Cham touts SLA

 

Service Level Agreement (SLA) is said to have increased timely access to maternal and newborn health services particularly in rural areas, Christian Health Association has said.

Cham head of Health Programmes Dr Titha Dzowela said this is evidenced by reduced maternal deaths, reduced neonatal deaths, reduced still births and reduced home deliveries in catchment areas surrounding Cham facilities.

Patients at one of the Cham hospitals in the outskirts of Mangochi.

Through SLA, all facilities under Cham provide free maternal and neonatal services to people around the facility’s catchment area.

He observed that the initiative has also increased utilization of services in Cham facilities on average by twofold.

“The service has also removed the economic challenges which households were facing as a result of paying for health services.   SLA is very a good initiative, it enables us to reach out to the people we intend to serve who are mostly poor, we just need to work out on the system, for example on issues affecting the payment and also sustainability. On the long run we believe community health insurance is the way to go,” he said.

However, a visit to some of the Cham faciilities in Thyolo and Mangochi revealed that most facillities are facing serious financial challenges due to outstanding SLA bills by government.

In total government is owning Cham about K296 million in debts accumulated from June 2015.

According to Sister Michelina Kahwa of Koche Community Hospital in Mangochi, government is owing the hospital about K13 million in unpaid bills, a thing which is choking the facility in terms of ensuring quality service delivery.

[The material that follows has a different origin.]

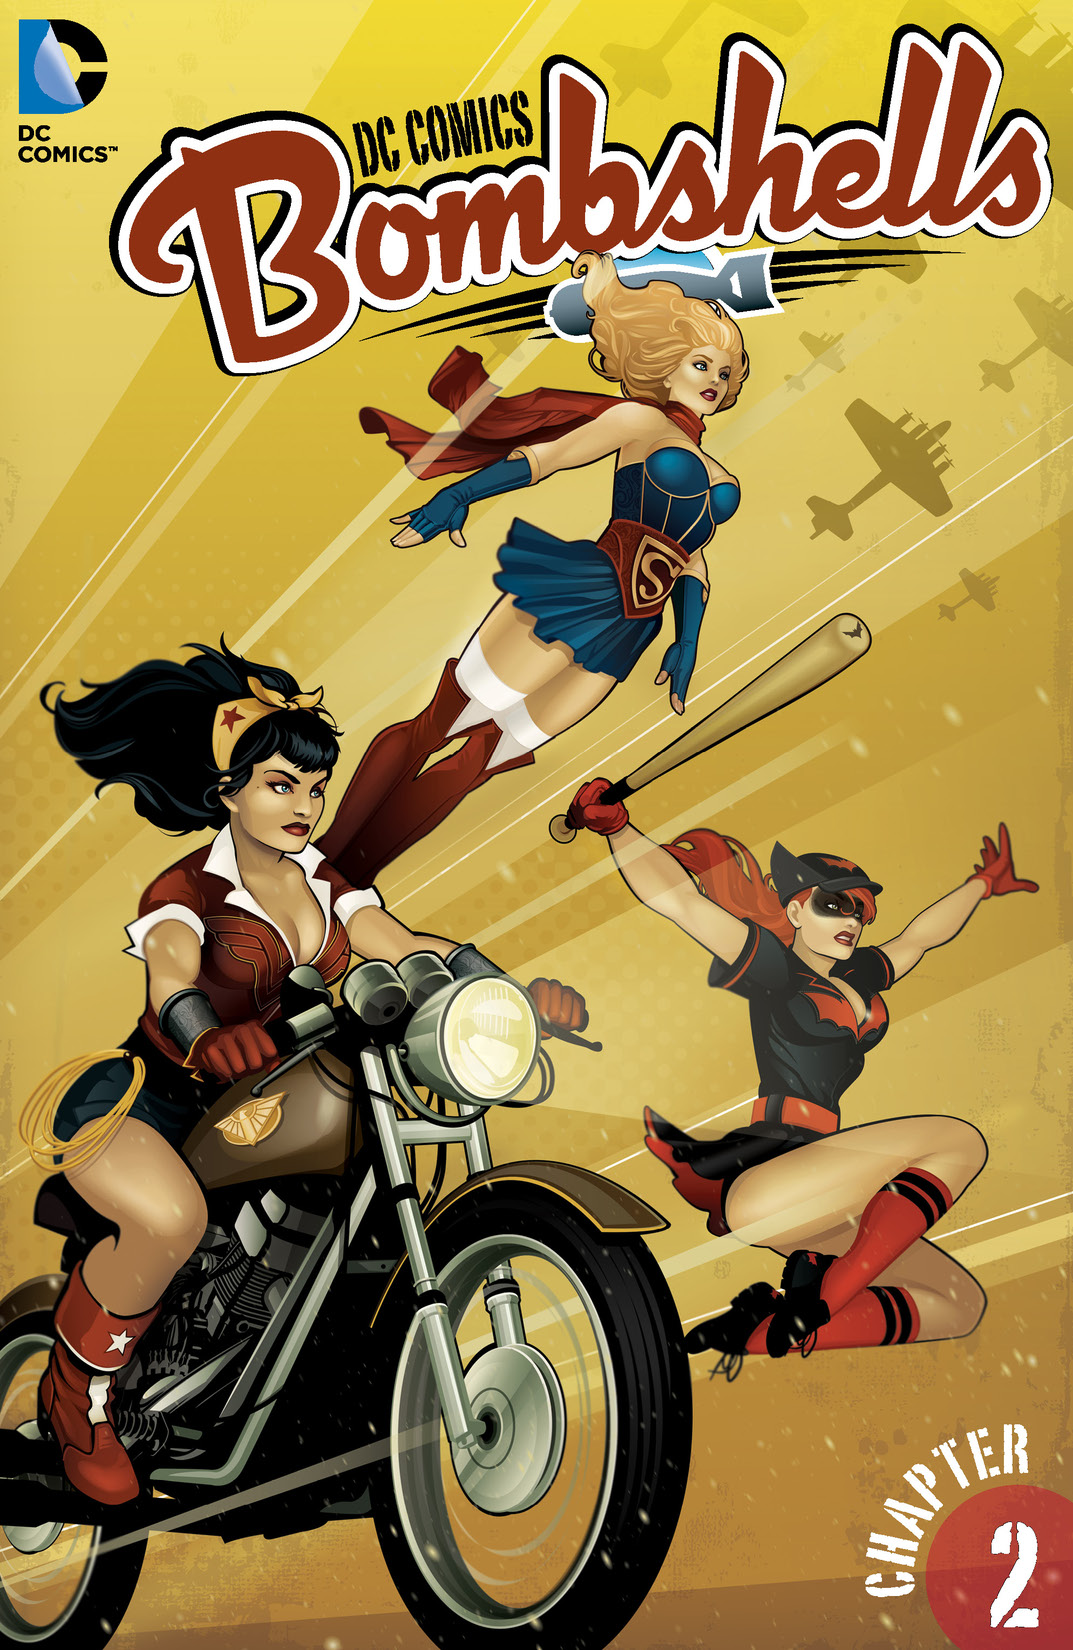 DC Comics: Bombshells #2 preview images

Close to 3000 babies are born each year at the hospital and the total cost per delivery is K10 000.

But Dzowela disclosed that his office is currently working with the Ministry of Health and District Health Officers to ensure that all facilities have standard registers and report monthly according to the required indicators.

The challenge has been attributed to poor record and data keeping.

“CHAM secretariat advocated for the settlement of such debts specifically debts accumulated before June 2015, meanwhile government through MoH has committed to settle the debts with support from partners,” assured Dzowela.

He further explained that Cham in collaboration with government and its partners like the Health sector Joint Fund and Malawi Health Support Programme (MHSP)-Options through the SLA management Unit are working on establishing systems that will reduce the turnaround time for the payments to avoid accumulation of the medical bills.

Responding to a question in Parliament, Minister of Health and Population, Atupele Muluzi, said government needs K10 billion every year to fully finance the essential health package in all eligible Cham facilities to achieve universal coverage of health services.

Mchinji North East member of Parliament  Alex Chitete expressed the need for government to extend the Service Level Agreement (SLA) between CHAM and government hospitals for non-communicable diseases which are common in communities.

According to Chitete the SLA which is there currently restricts other people who cannot afford to access the medicine in the Cham facilities because of a charge the facilities impose therefore denying them their right to quality health care which they pass in parliament.

In his response, Muluzi said the concern raised is quite true but the packages being asked needs resources from government to give to the Cham facilities hence restricting free services in Cham facilities to only maternal and neonatal services.

He said government doesn’t have resources to be able to support such services because of huge arrears that were accumulated in the past that government owes the Cham facilities.

“To fully finance the essential health package, it will require 14 million USD, currently the ministry is unable to cover the current SLA package and finances are being sourced from the development partners as the ministry has accrued a lot of debts with CHAM due to unpaid dues, at the moment it will be hard for the ministry to start covering non-communicable diseases at the facilities without assistance from our donors,” he said.